The ‘methodology’ section contains no details about whether question items or scales were randomised (essential to avoid question or probe order effects) but the absence from the ‘poll results’ section of data on non-response or “don’t know’s” makes one suspect that such methodological basics are unlikely to have been followed.
In short, the ‘report’ is methodological nonsense. But of course that didn´t matter. Dressed up with some erudite speculation about the nature of the ‘segments’ of public opinion revealed by the ‘discriminant analysis’ it did the essential job of hoodwinking a gullible press, some of it eager to be so hoodwinked into thinking, that here was a ‘scientific’ report of public attitudes. What it could only be, of course, was a cynical exercise in creating and shaping public opinion by asserting, on the basis of no scientific evidence whatsoever, that the opinions found in the online ‘survey’ represented a cross section of British public opinion. It could do this, unfortunately, because most of the British press (unlike its US counterpart) has little knowledge of, or interest in, statistics. Such ignorance allows the likes of Lord Ashcroft to lead it by the nose in whatever direction they please.

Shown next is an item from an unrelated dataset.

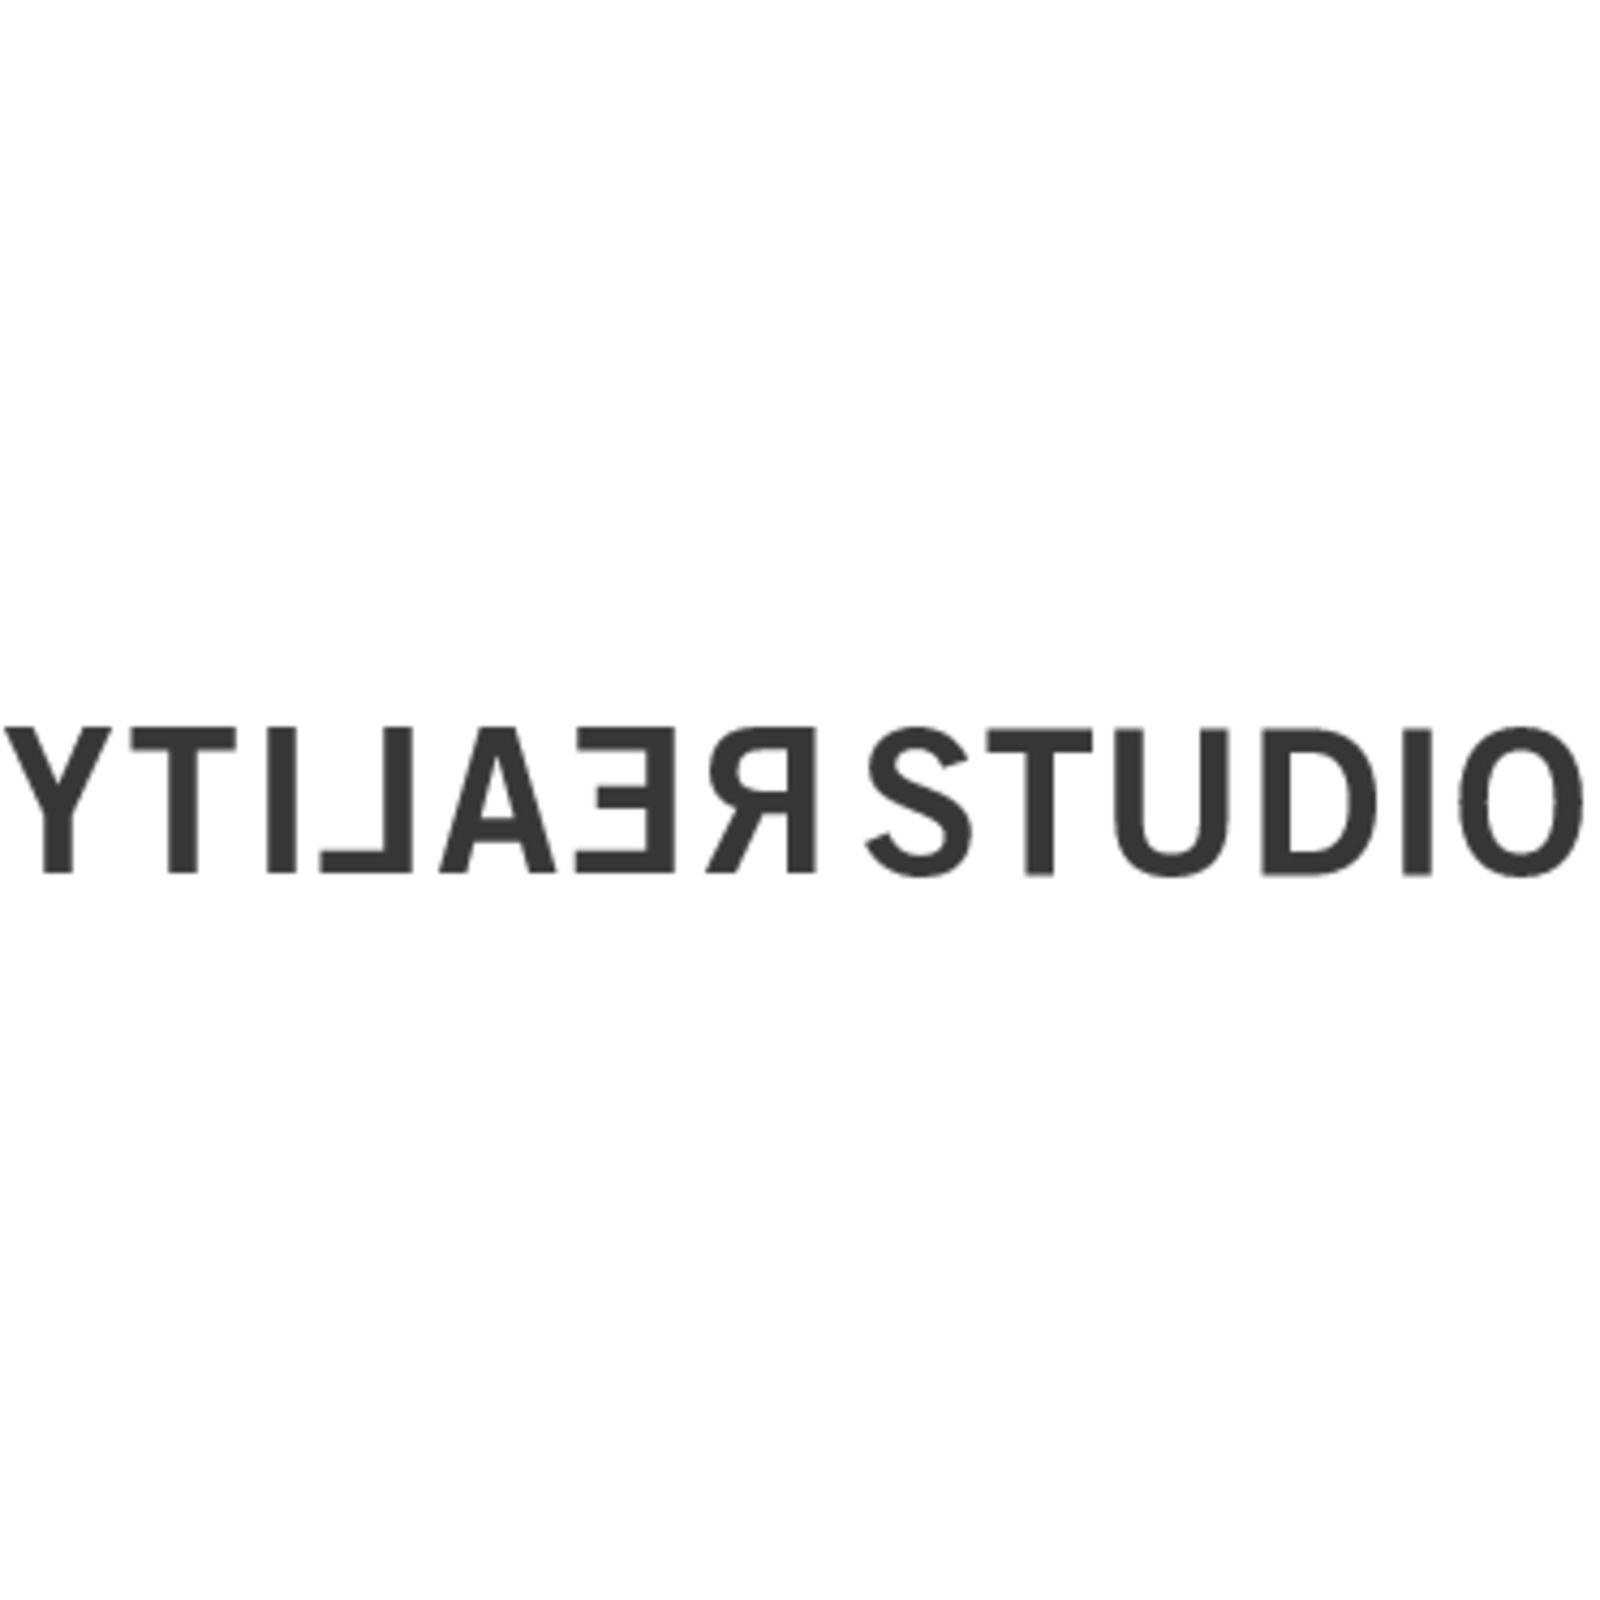 REALITY STUDIO

This is no isolated example. The widespread respect for any statistics and for those who produce them by the British media is also evident in the BBC coverage of “Romania and Bulgaria immigration” based on the estimate by Migration Watch (http://www.bbc.co.uk/news/uk-21039087). Their Home affairs correspondent even praised the track record of this pressure group on ‘analysing future population trends’ and declared that ‘its latest forecast should be taken seriously’. Headlines like “50,000 Romanians and Bulgarians will arrive in the UK…” was all over the front pages of the Telegraph, the Daily Mail and the Financial Times. However, at a recent migration statistics conference, Migration Watch admitted that their estimate is based on ‘a judgement’ and ‘an educated guess’ rather than any statistical methods at all.
For the sake of democracy, the British press should get to grips with statistics.
John MacInnes is Professor of Sociology at the University of Edinburgh and ESRC Strategic Advisor on Quantitative Methods Training.
Sin Yi Cheung is Senior Lecturer in the School of Social Sciences at Cardiff University.